Closed vineetbansal closed 1 year ago

vineetbansal commented 1 year ago

In PR #14, I introduced a tweak in the way we calculate specificity in the case of no matches at all. This is related to the discussion we had on Slack (where you were seeing discrepancies between your script vs. what guidescan enumerate gave you):

Ok so the python code is doing (1 / 1 + cfd_sum) in case there are no matches, and 1 / cfd_sum if there is at least one match.
Let me put in the exact same logic in C++

During an unrelated investigation this week, I discovered some discrepancies between the specificity values that are written in the case of a .csv output vs a .sam output, and noticed 2 bugs that I introduced in that PR:

  1. perfect_match = match.mismatches == 0; is not the correct thing to do, since we want to determine if there is a perfect match or not (and not overwrite that flag in subsequent match comparisons of distance >= 0).
  2. The specificity tweak only worked anyway in the case of generating the .csv file output, not the .sam file.
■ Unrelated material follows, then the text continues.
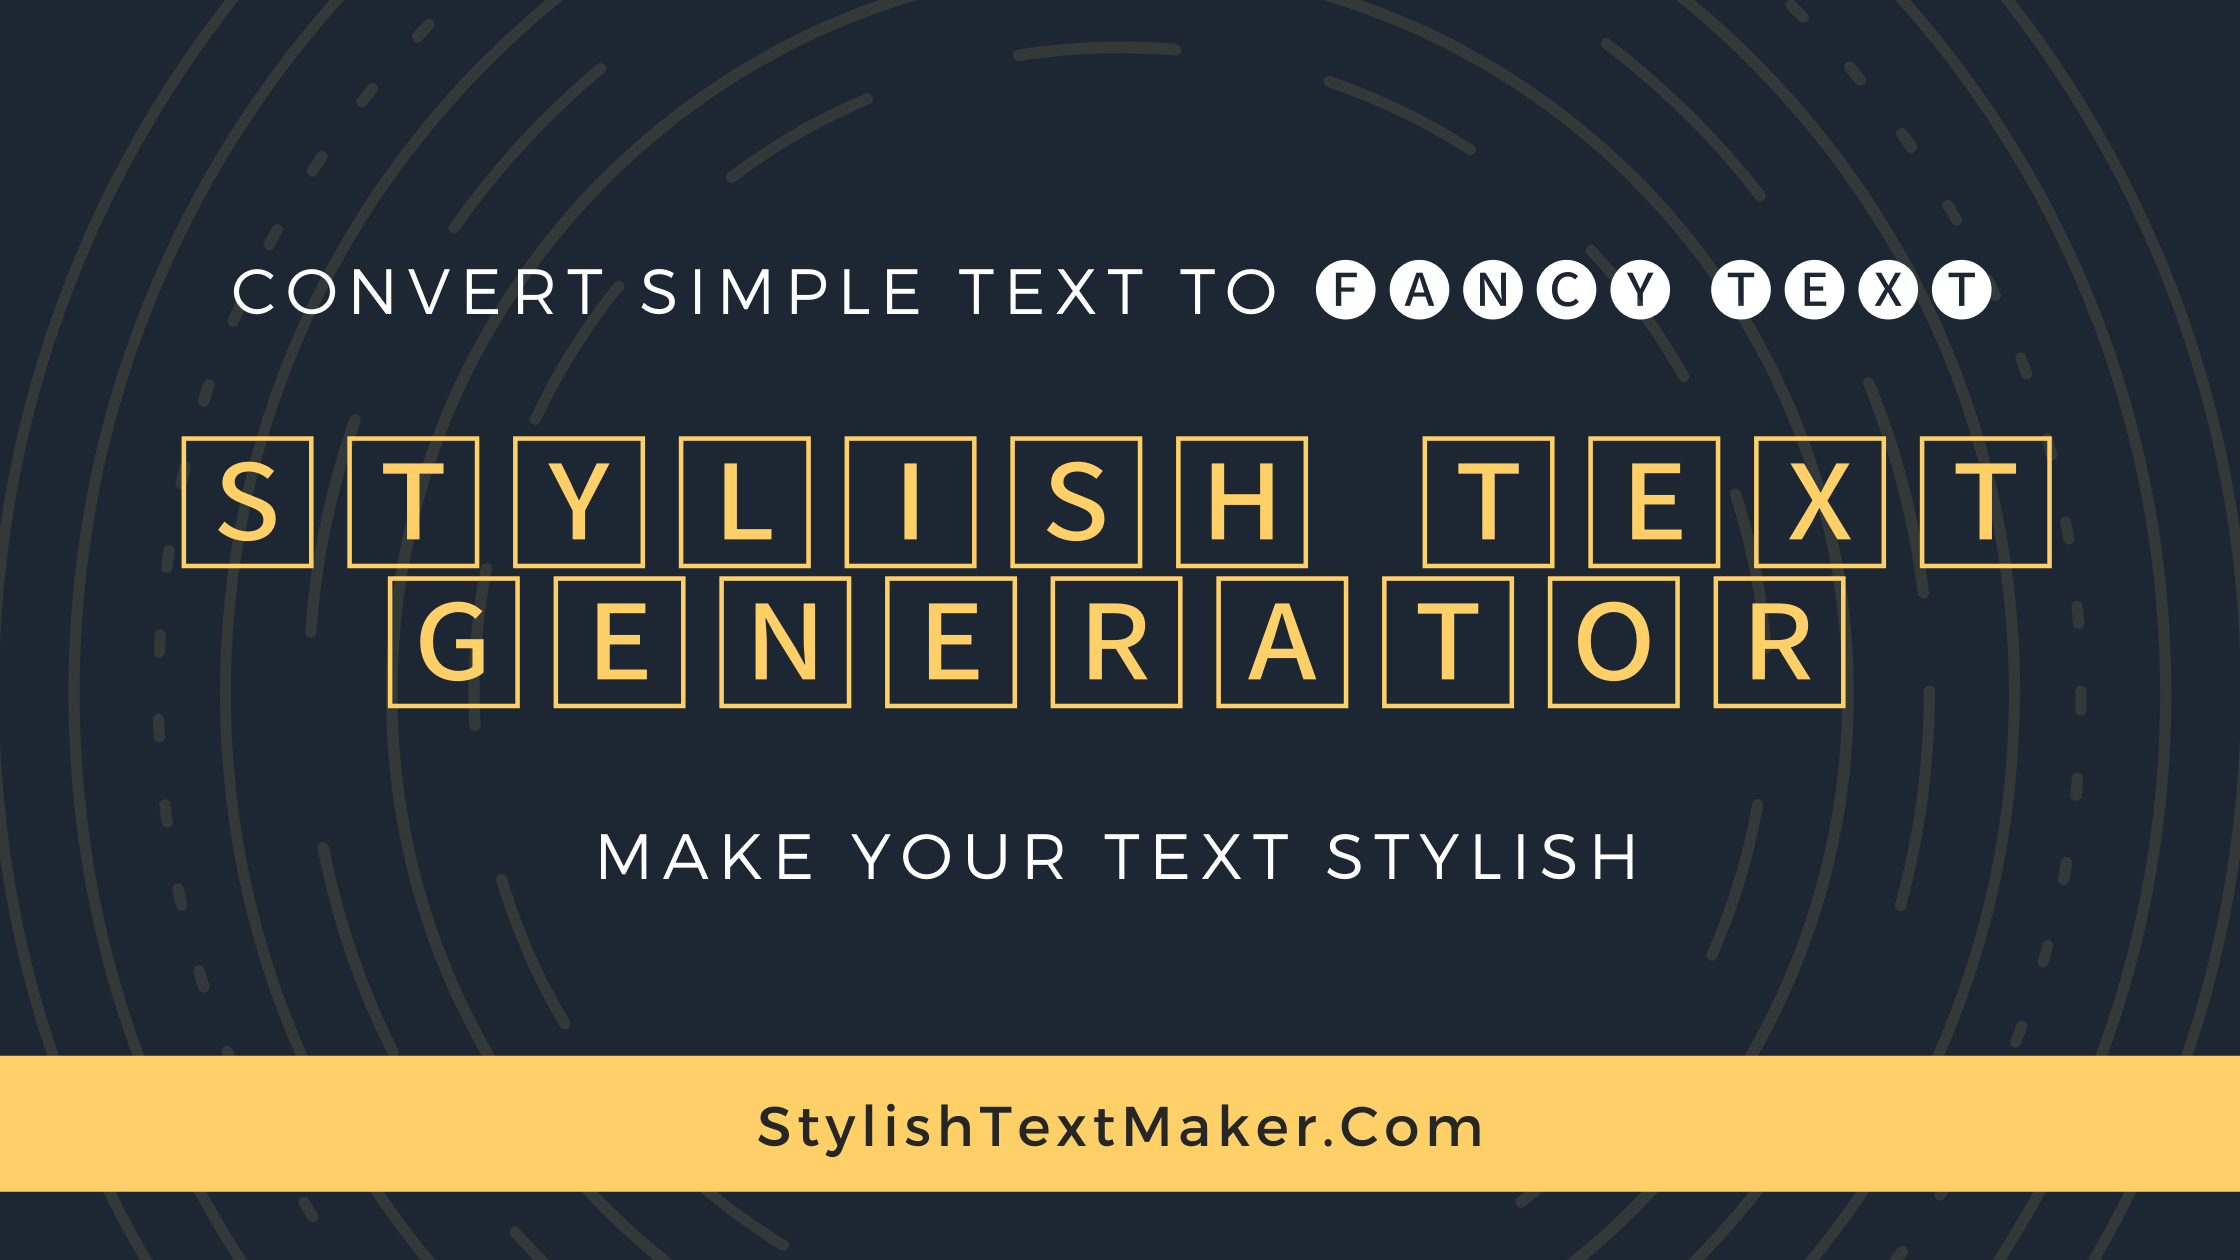 Try disloyalty Horn Stylish Text Generator - ℂ𝕠𝕠𝕝 & 𝓕𝓪𝓷𝓬𝔂 Text Fonts

Whatever logic was added to the .csv file generation should also have been added to the .sam file generation.

This PR fixes both these issues.

It was also getting a bit hairy to debug .sam files (by doing a simple md5sum on what an expected SAM file is vs. what is generated, for example), because we're doing (only for .sam files, not for .csv files):

std::shuffle(off_targets[i].begin(), off_targets[i].end(), std::mt19937{std::random_device{}()});

I've taken off this line so we get deterministic .sam files now if the inputs haven't changed. This is helpful for my debugging (especially comparing off-target hex strings to what they should be). If this shuffling was put for some specific reason (or if it should be moved to its own issue/PR), I'm happy to take that off here.